The journal Psychological Bulletin calls procrastination “a prevalent and pernicious form of self-regulatory failure.” Darn, that seems kind of harsh. How bad is procras­tination, really? First, it’s bad enough that when you try to study it, you find things like this: “High scorers on the procrastina­tion scale were more likely to return their completed in­ventory late,” from an article in the Journal of Research in Personality. Who are these slackers whose inability to return a questionnaire on time makes them nearly impossible to study?

The JRP study shows their personalities are largely what you would expect: Disorga­nized, impulsive, distractible people who are likely to rate their enjoyment of projects higher when the time it takes to complete projects is lower. At least that’s the case when the project is assigned by some force beyond themselves. See, believe it or not, there’s a positive side to the personality of procrastinators: procrastinators also believe in their own self-efficacy and are motivated by factors other than achievement.

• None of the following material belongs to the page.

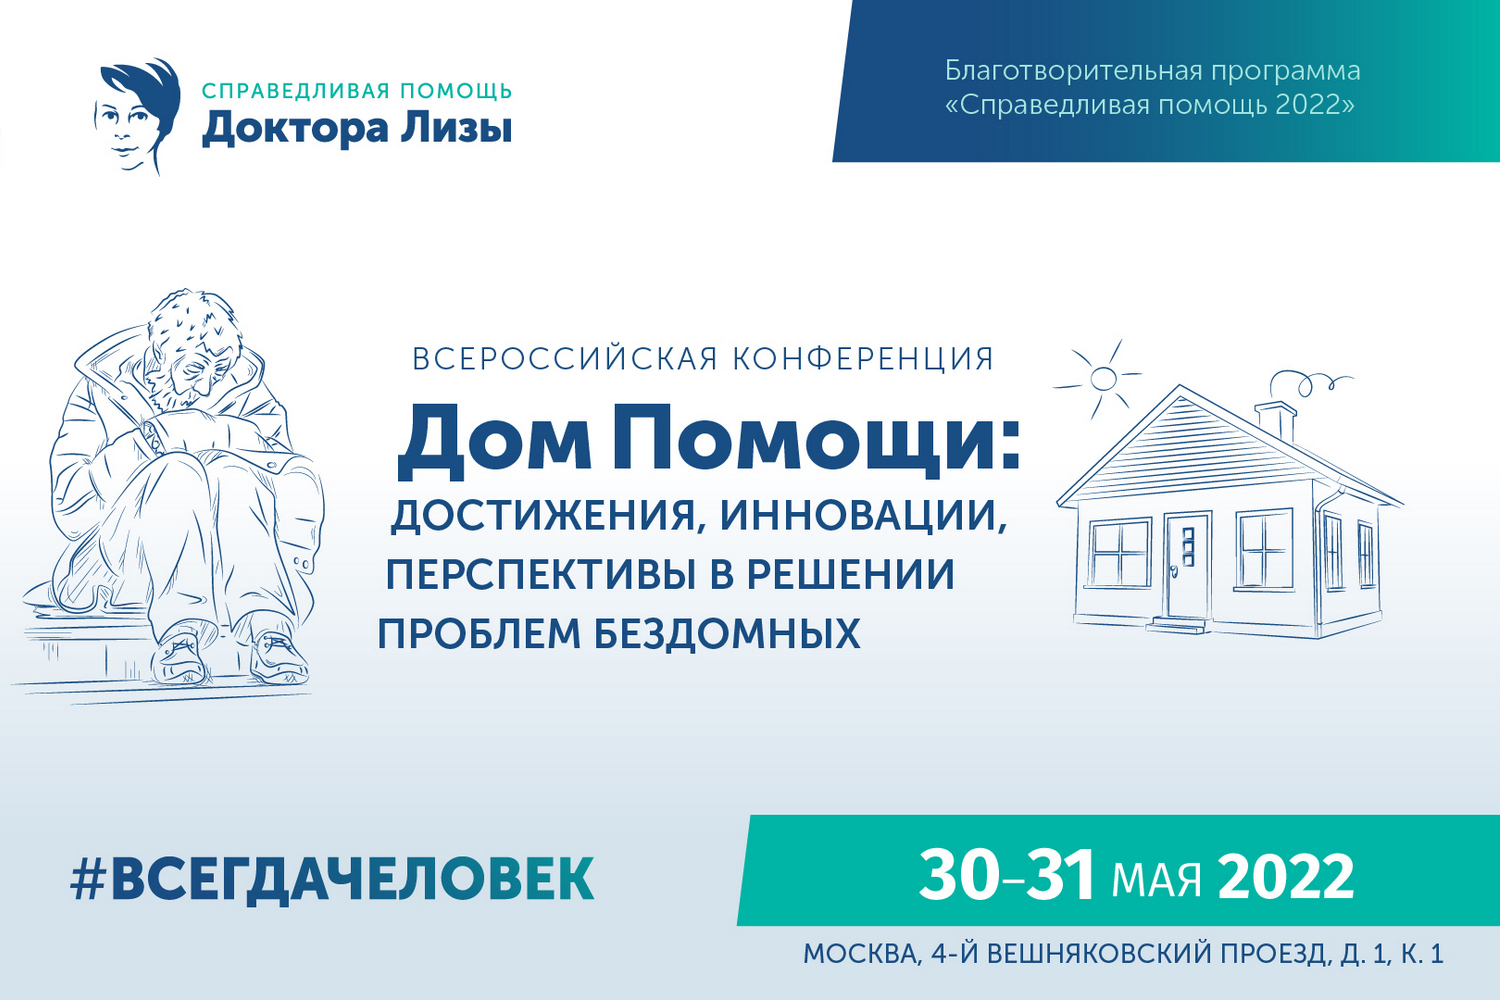 Открыта регистрация на Всероссийскую конференцию “Дом помощи: Достижения, инновации, перспективы в решении проблем бездомных”

More and more, research is showing that procras­tination isn’t a defect in ability or personality but rather a disconnect between the demands of a task and what motivates the procrastinator. Procrastinators are intrinsically and not ex­trinsically motivated, meaning that neither tempting them with rewards nor warning them the sky will fall is likely to up their motivation to the threshold of action. Instead, the procrastinator has to want to do something. Maybe he or she would start this minute on a model of an ancient Meso­potamian ziggurat, but no amount of threatening or cajol­ing or bribing will make that person write a report on the same thing.

Ninety-five percent of procrastinators claim to want to reduce their procrastination. Here’s the secret: Rather than focusing on a task’s rewards and punishments (or creating your own system of rewards and punishments) help your child find aspects of a project that he or she can care about. You know your child. Will researching Mesopotamia aid Minecraft map design? No one else’s reasons will make your procrastinator get to work, but helping your child discover aspects of a project that ring true to their own scheme of awesomeness will help him or her get started. There has to be something. And it may be up to you to find it.

According to the authors of the Psychological Bulletin article, one thing is certain: “Further research on procrasti­nation should not be delayed.”